Para o diretor e roteirista, a depressão seria o estado doentio que pode até ser tratado com remédios. É Justine na primeira parte do filme. Já a melancolia é para ele um sentimento de vazio, mais existencial, do qual ninguém se cura, porque a vida inclue, necessáriamente, a morte.

Para ele, então, a melancolia “é um tipo de vitamina que todos precisamos”. É Justine banhando-se à luz de “Melancholia”, toda nua sobre o rochedo.

Certamente, pensar na morte é valorizar a vida e procurar viver sem se entregar a defesas incapacitantes. É abrir mão da felicidade maníaca para poder viver momentos felizes. É fugir da depressão mortal e abrir espaço para a tristeza, que pode levar ao pensamento libertador. É aceitar a humanidade em nós.

Lars Von Trier, que não esconde de ninguém que sofreu crises depressivas e tentou refugiar-se no alcoolismo, foi considerado “persona non grata”no festival de Cannes, onde participava da competição, após declarações infelizes e inaceitáveis sobre o nazismo e Hitler.
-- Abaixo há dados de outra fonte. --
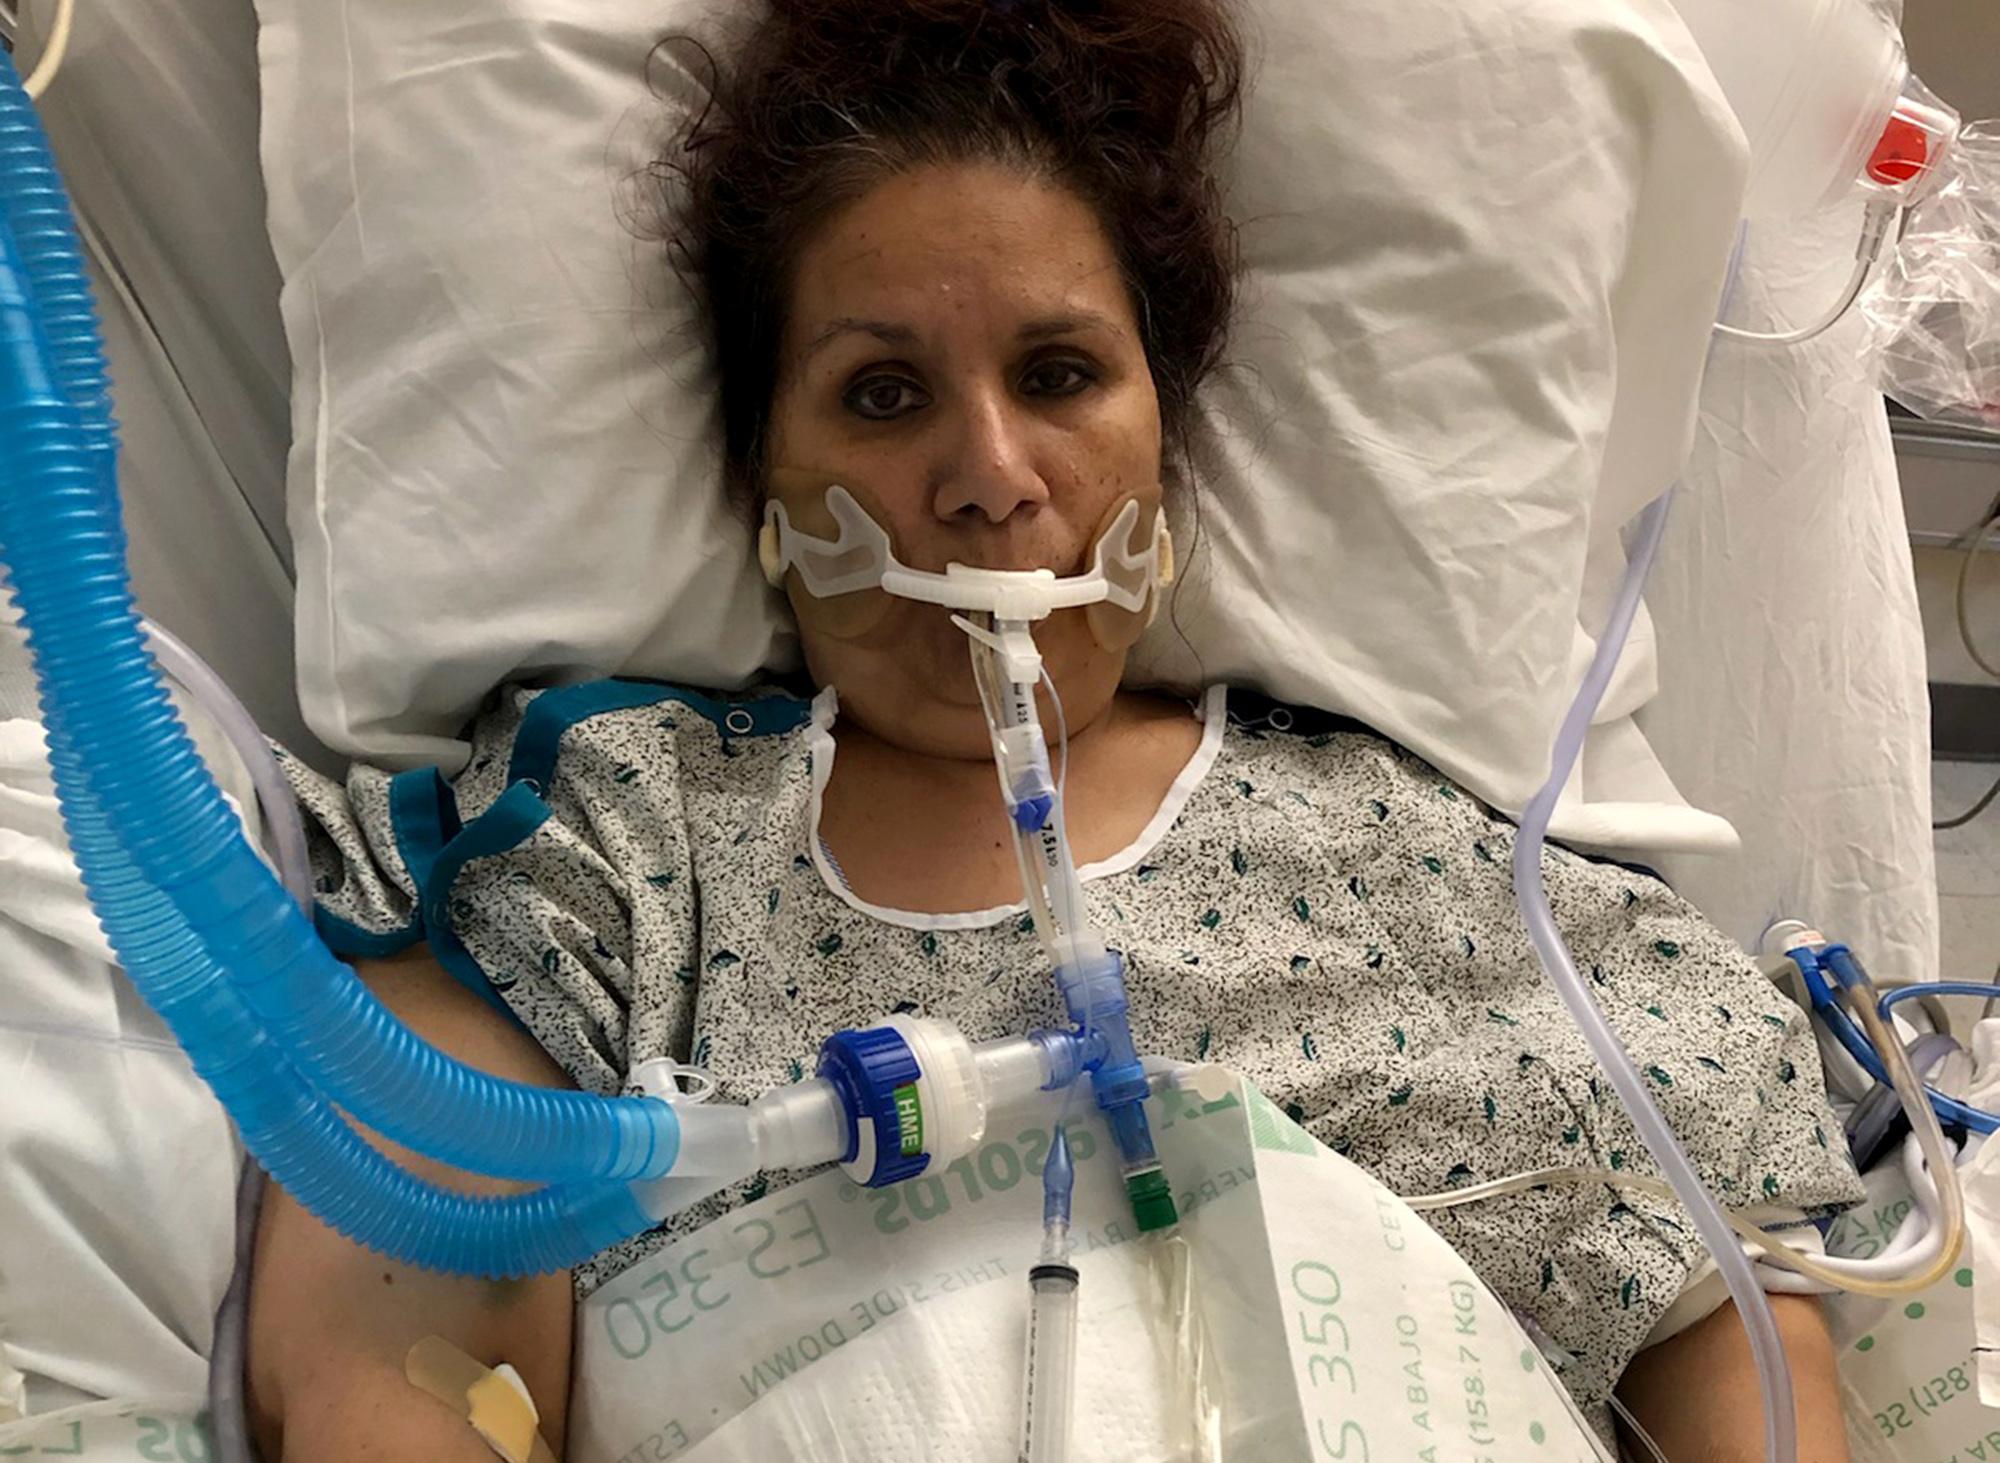 Coronavirus Ventilator Survivors Face Harsh Recovery After Virus

Desculpou-se no dia seguinte mas o estrago já tinha sido feito. Mas seu filme continuou na competição e Kirsten Dunst foi escolhida como a melhor atriz.

Lars Von Trier, o fundador do movimento Dogma, continua com sua câmara na mão balançando e acompanhando de perto os personagens e suas aflições. Ao mesmo tempo, herdeiro de Bergman e Visconti, deslumbra a todos nós com cenas grandiosas e cenários de arrepiar.

O prelúdio de Wagner vai ser ouvido apenas nos momentos de maior emoção, contrapondo-se ao silêncio musical das outras cenas, o que torna tudo muito mais pungente.

A obra, no caso de Lars Von Trier, fala mais alto e melhor que seu criador.